Personalised advertising is fueling the revenue streams of the largest tech companies in the world, including Google, Facebook, and Amazon. While we are all now well used to seeing personalised ads online, ad inventories in live sports are typically still one-size-fits-all, untargeted and often irrelevant to large parts of the viewing audience.
Watching the opening game of Euro 2020, as Italy approached their first of many victories leading up to their second Championship title, my friends and I played a guessing game with the pitch-side ads to see who could figure out the products advertised. Several of the ads were from unfamiliar brands or in unfamiliar languages, drawing our attention and surely the attention of many sports fans, to the diversity of football audiences around the world.
As it is, global brands sponsoring live sports cannot yet tailor their advertising messages in a hyper-targeted way to the diverse groups within their global audience and must therefore settle for non-optimal brand exposure. Computer vision and virtual advertising has the potential to change this by unlocking the full potential of personalised advertising for live sport events, in a similar way to how internet advertising evolved in the past 20 years from static and global to dynamic and highly personalised.
But let us first take a step back and look at how internet advertising began its auspicious journey. In the 90s, increasing usage of the internet gave rise to a new and exciting channel for advertisers. Over the next few years internet advertising exploded in its popularity and advertising became increasingly sophisticated, progressing rapidly from static banner ads to more personalised and dynamic content. Nowadays companies like Facebook and Google analyse different user demographics and behaviour to maximise the relevance and usefulness of the ads shown. Data is at the heart of personalised advertising online and now that television content is making the transition from a broadcast to an internet protocol distribution model, the parallels between the evolution of online advertising and the future of TV consumption are becoming clear.
Live sport events saw a range of novel technical solutions over the past decade, many of them driven by computer vision-based applications which use artificial intelligence to derive meaningful information from digital images, videos and other visual inputs. Popular examples include the Hawk-Eye systems used in various sports, such as cricket and tennis, to visually track the trajectory of the ball and the GoalControl goal-line technology system used in football to determine whether or not the ball crossed the goal line.

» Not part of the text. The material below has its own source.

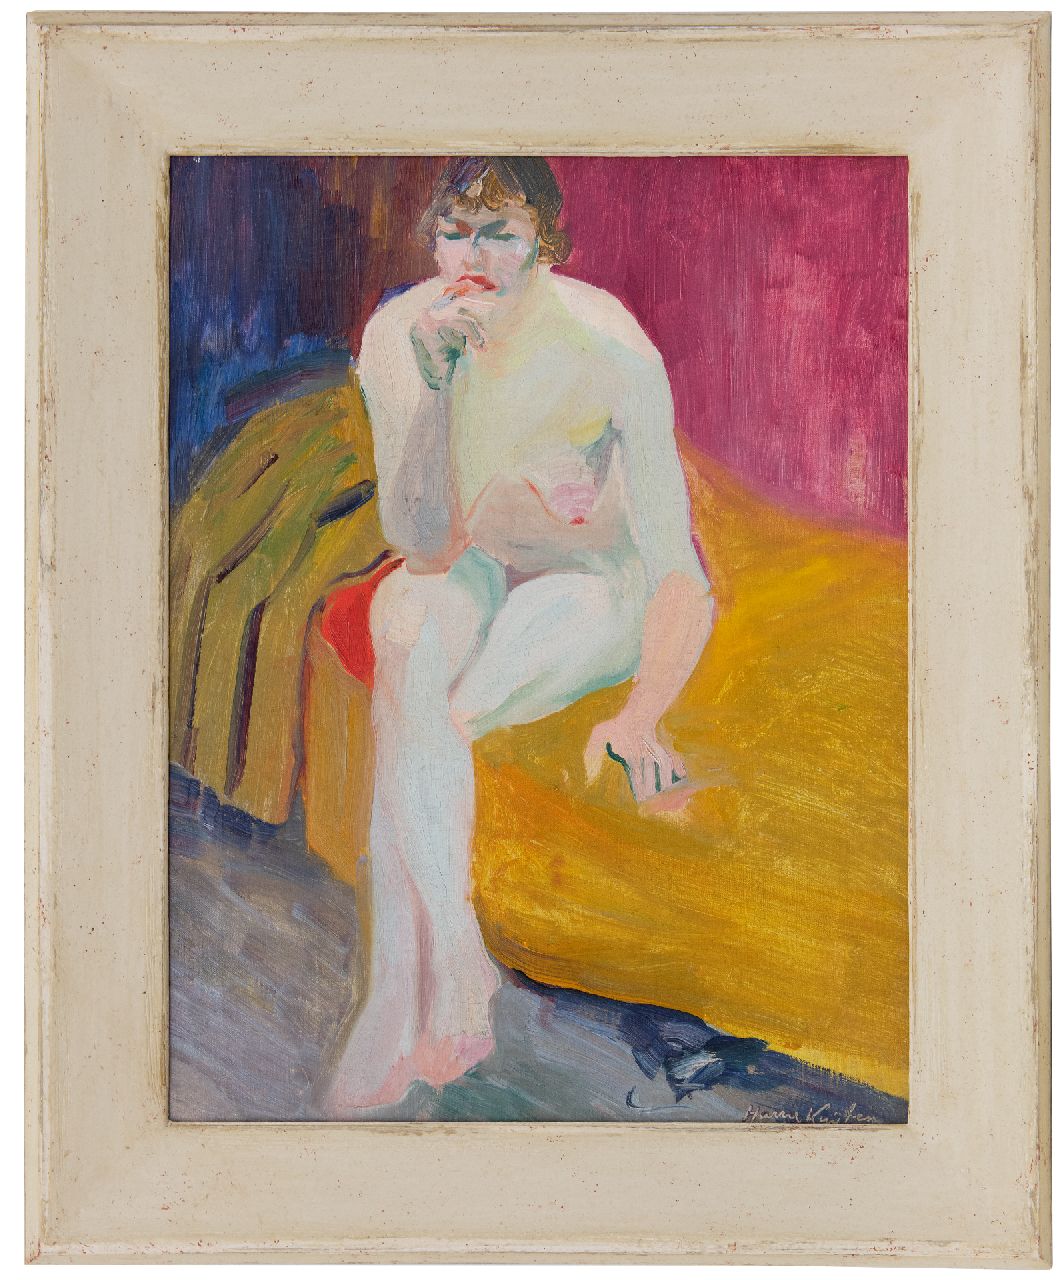 Kuijten H.J.  | Henricus Johannes 'Harrie' Kuijten | Paintings offered for sale | Seated nude, oil on canvas 53.0 x 40.7 cm, signed l.r.

Recently, an increasing number of sports rights-holders have started using virtual advertising solutions to make better use of their ad inventories. Advances in computer vision are the driving factor. Early virtual advertising solutions relied on a combination of computer vision technology and expensive hardware infrastructure, while recent developments in the market shows that highly scalable, purely software-driven solutions are the way forward.
Virtual advertising solutions enable sports rights holders to maximise revenue from live in-game sponsorship. I feel sure that virtual advertising is embarking on the same journey of personalisation as internet ads. However, virtual is at the beginning of its journey. Today, the broadcast feed is split into multiple localised feeds, each with unique virtual content, allowing brands to tailor their messaging for each regional audience. The next natural step is to increase the number of localised feeds to achieve a finer viewer-specific segmentation and then move to a fully personalised ad experience.
A pre-requisite for personalised virtual advertising is the separation of the processes of analysis and rendering. The analysis process interrogates the incoming camera signals using complex, computer vision algorithms. It derives information from the camera signal to decide where to place the virtual ad content. These computationally intensive algorithms, such as tracking and keying, run on power-hungry and expensive GPU servers. Rendering is the process of “drawing” or augmenting the localised feeds with the targeted advertising messages.
Independent of the number of localised feeds needed (whether just a few for regionalised feeds or billions for personalised ads), the analysis unit needs to perform the same work. It computes a keying mask for every incoming frame denoting which pixel in each frame needs to be replaced with virtual ad content and which not. The analysis unit is usually located where the camera signal is available, i.e., in the broadcast compound for on-site productions and in the cloud for remote setups.
The work of the rendering unit, on the other hand, is content-specific. It needs to “know” the virtual ad content, which is rendered onto the localised feed. Hence, the rendering units needs to run on the end-user device in a personalised advertising model. Compared to the analysis unit, this task is lightweight as it only needs to add the virtual ad content on top of the broadcast feed by using the keying mask received from the analysis unit, hence, it can be done on the end-user device. The device typically knows its user and can request from an ad server personalised ads matched to the user’s profile.
Two independent evolutions will surely introduce a wide range of exciting innovations in the coming years. On the one hand the progress in computer vision tech driven by augmented and virtual reality applications. And on the other hand, the ever-increasing computational capacity available at our fingertips. I strongly believe this will drive and accelerate personalisation in virtual advertising. Exciting times are ahead.